I. The Preface (1:1-4)

This prologue parallels the prologue to the fourth gospel. But whereas the Gospel emphasizes the deity and eternality of the Word (logos), the epistle lays its stress on the full humanity of the Word that became flesh and thus is the Word of life. Hence the Word both embodies and conveys the eternal life that is the basis of fellowship (koinonia) with the apostles (us”) and with God (v.3).

The key theme of 1 John is eternal life. As in the fourth gospel eternal life does not primarily refer to unending existence as a future hope, but to the “life of the age to come” that has become a reality in the present. The NT writers all declare that the age to come has broken into the present age in the person and work of Jesus Christ (see Ladd, 45ff.). Thus to be united with him is to experience this life here and now.

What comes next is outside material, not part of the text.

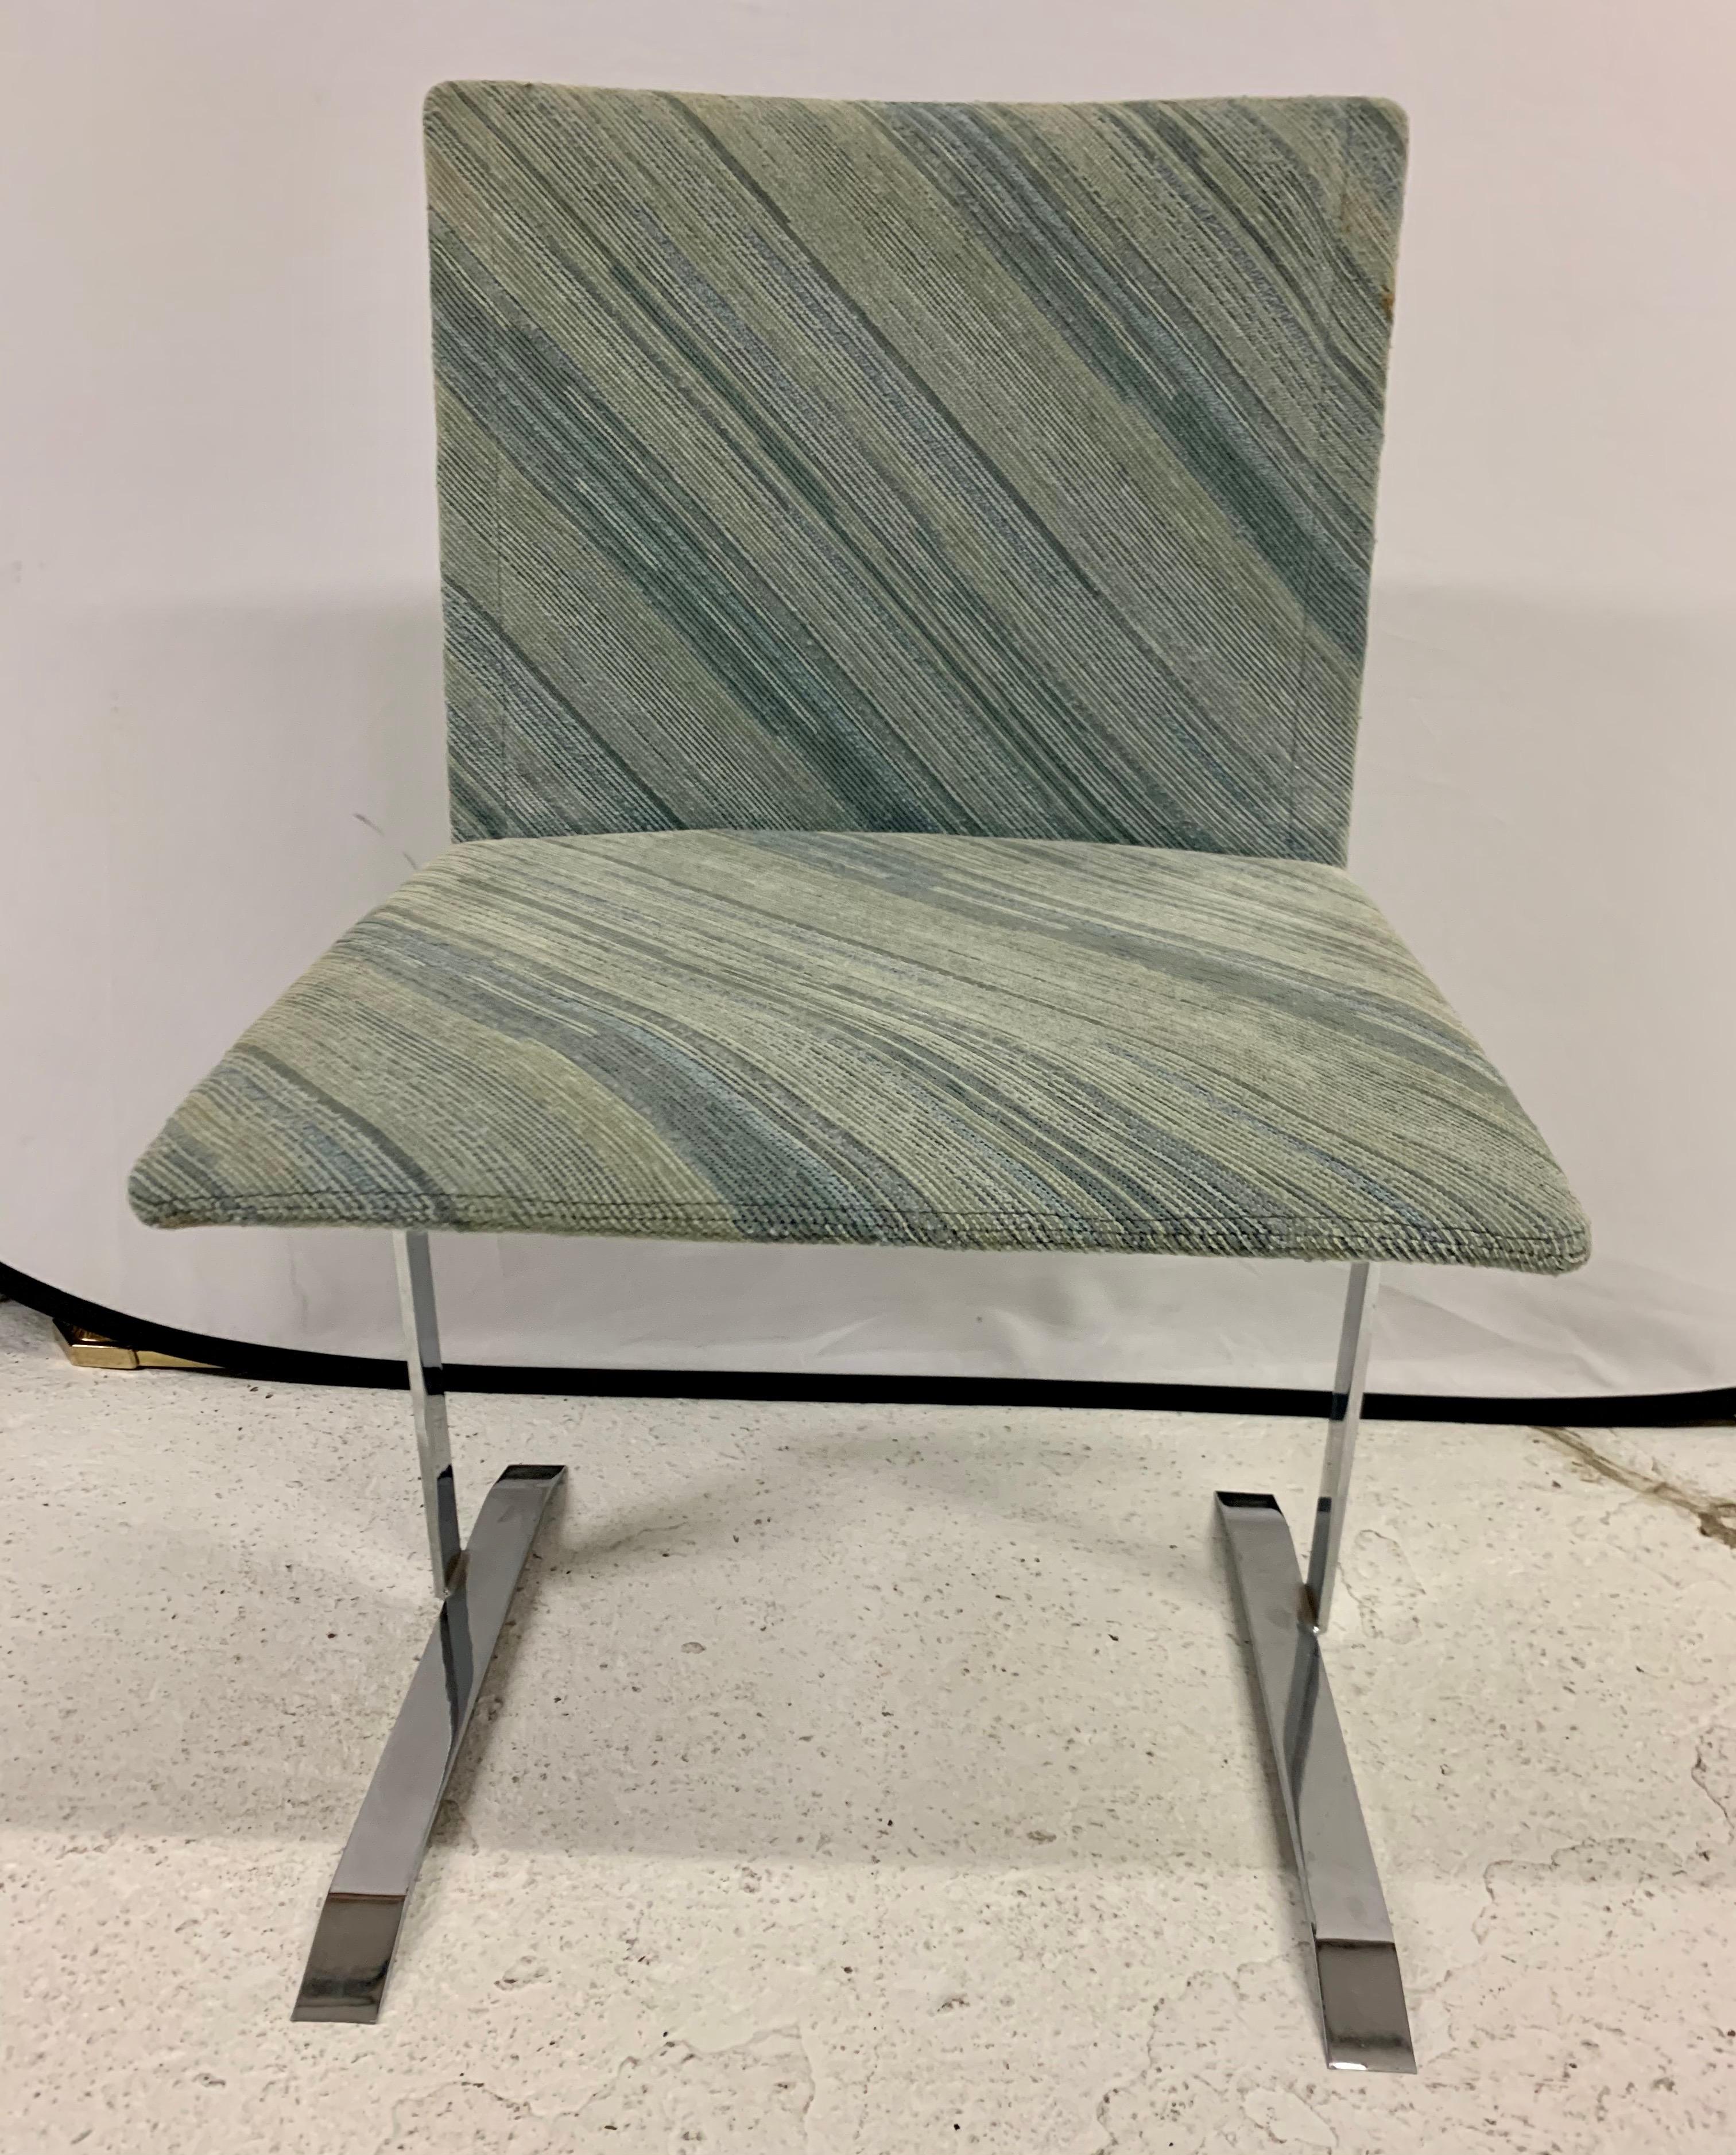 Rare Saporiti set of dining chairs with steel legs and lines to die for. These dining chairs were made in Italy and feature a seafoam, green and blue color scheme on the seat fabric. Designed by Giovanni Offredi. Circa 1970's.

The paragraph opens with a series of relative clauses, piled up to emphasize the reality of the Word become flesh. He was no mere appearance, as false teachers apparently insisted, but was subject to the empirical senses. He could be heard, seen, and touched: “to have handled was the conclusive proof of material reality” (Stott, 59).

That which was from the beginning here refers to the beginning of the Gospel, not the beginning of the universe (as Jn 1:1). John proclaims his own knowledge of it from personal contact with Jesus Christ.